[Input data — start]

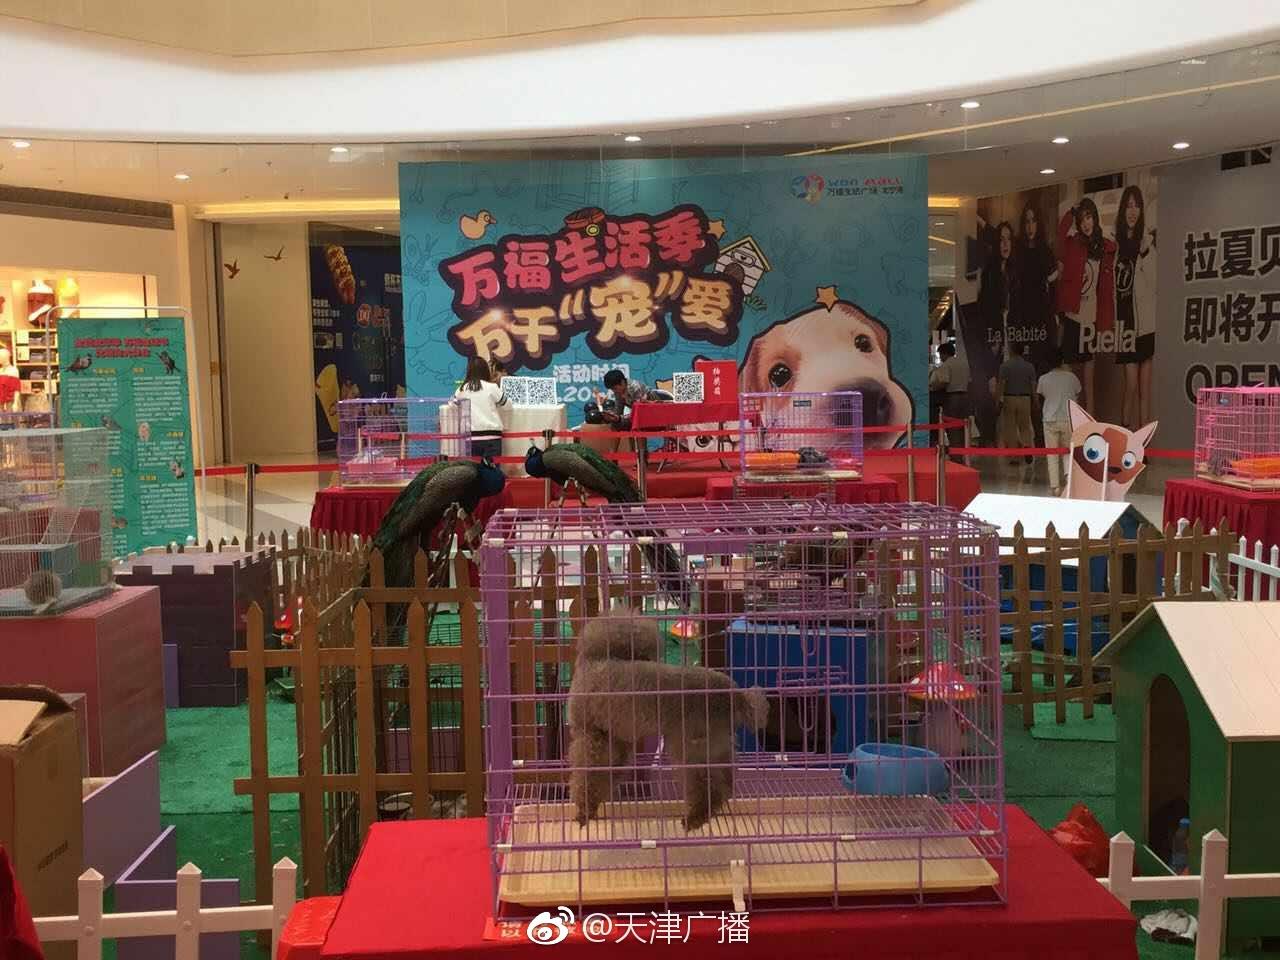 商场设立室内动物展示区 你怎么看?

[Input data — finish]
[Input data — start]

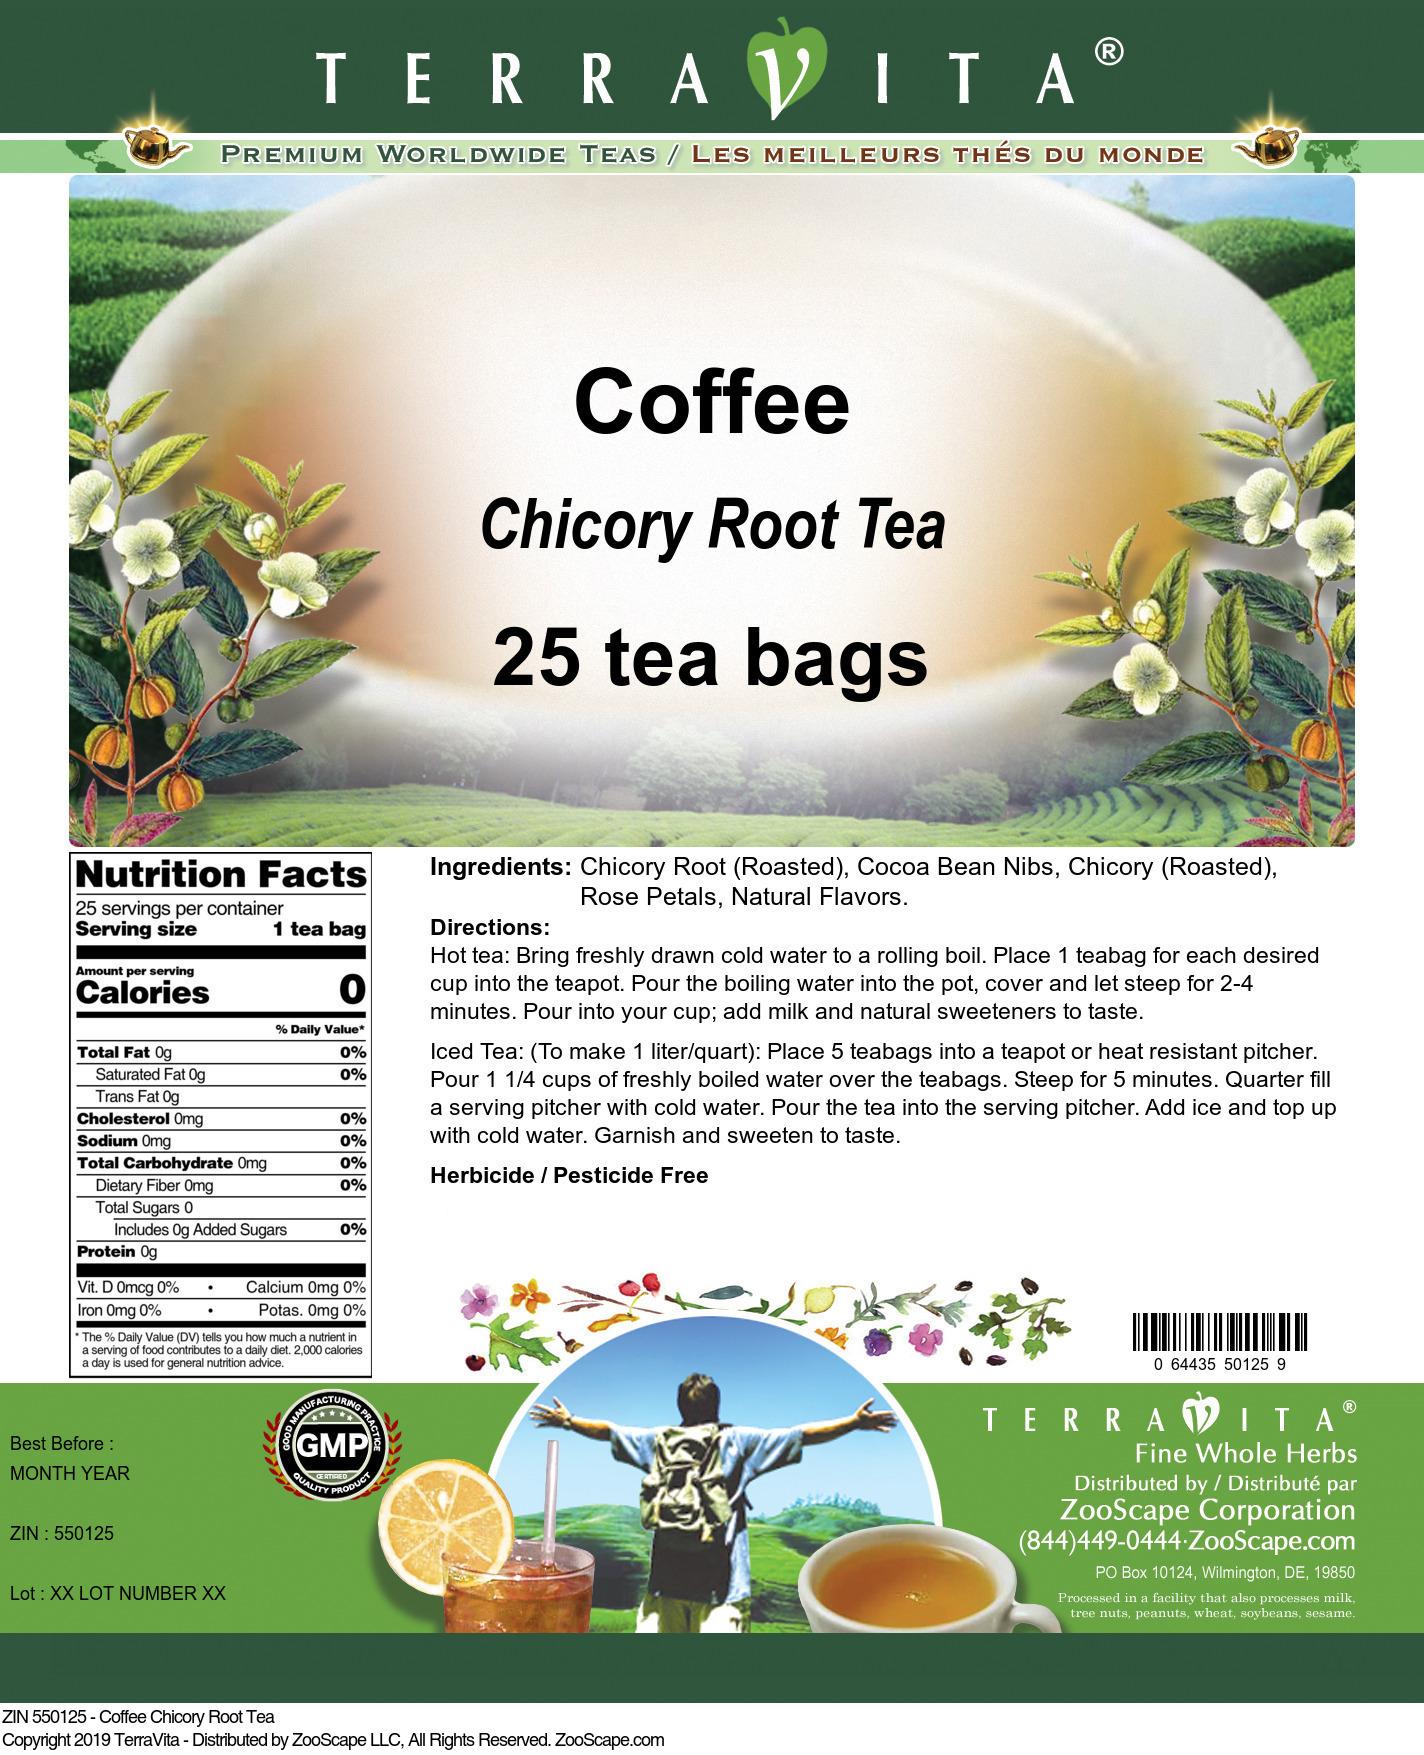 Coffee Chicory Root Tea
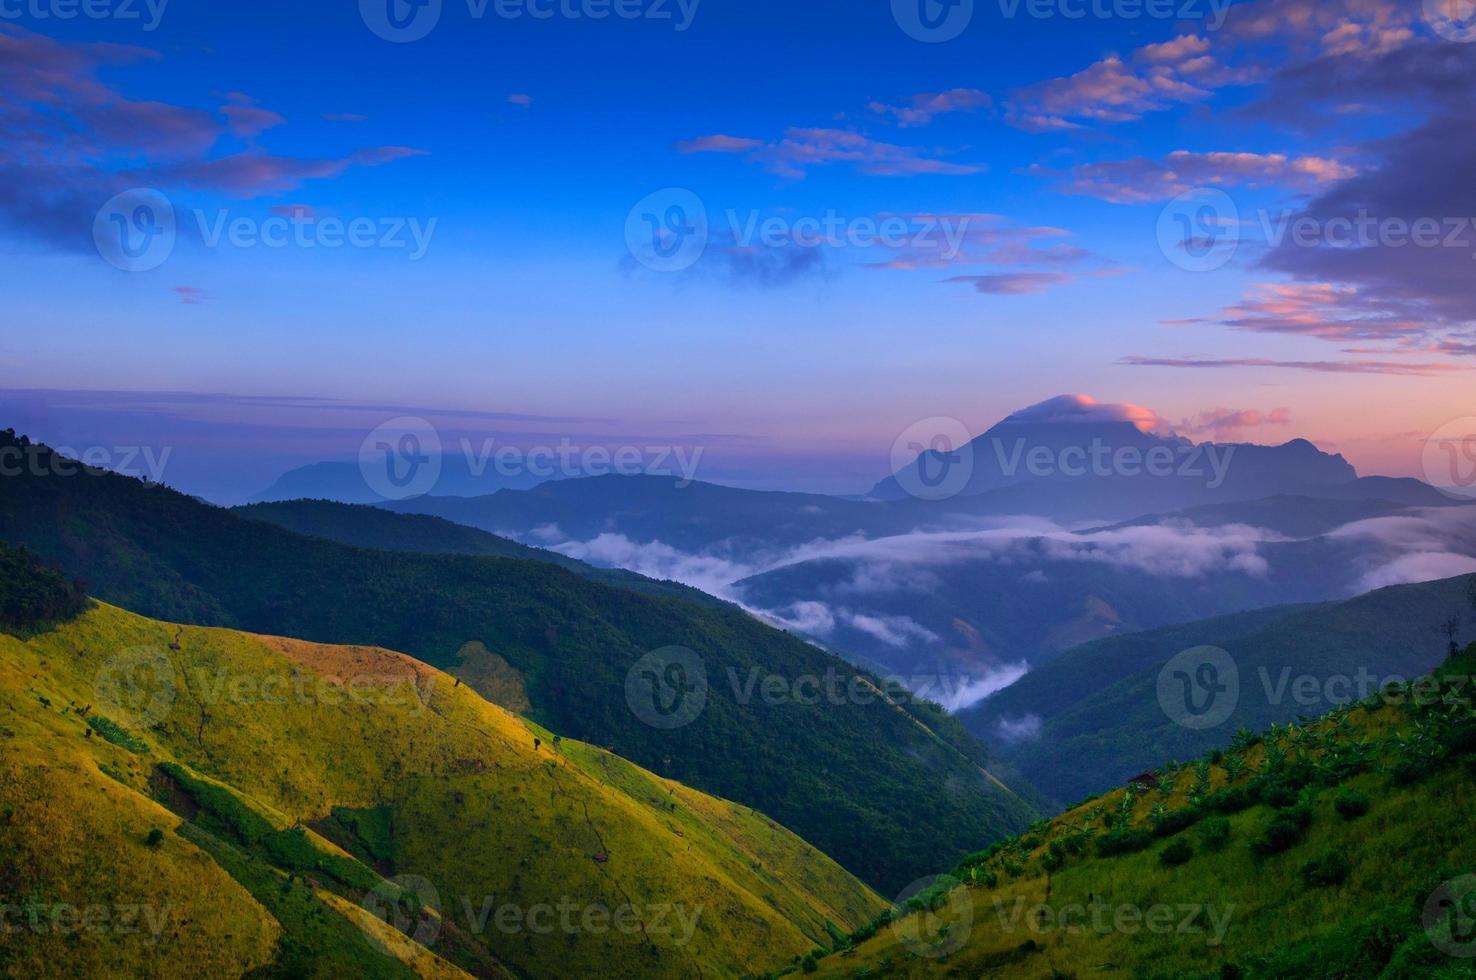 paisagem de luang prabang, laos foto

[Input data — finish]

* _Task objective_: The answer is the lines of the material above, from the one containing "Coffee Chicory Root Tea" down to the one containing "paisagem de luang prabang, laos foto", given exactly and without images.

* _Output_:
 Coffee Chicory Root Tea
 paisagem de luang prabang, laos foto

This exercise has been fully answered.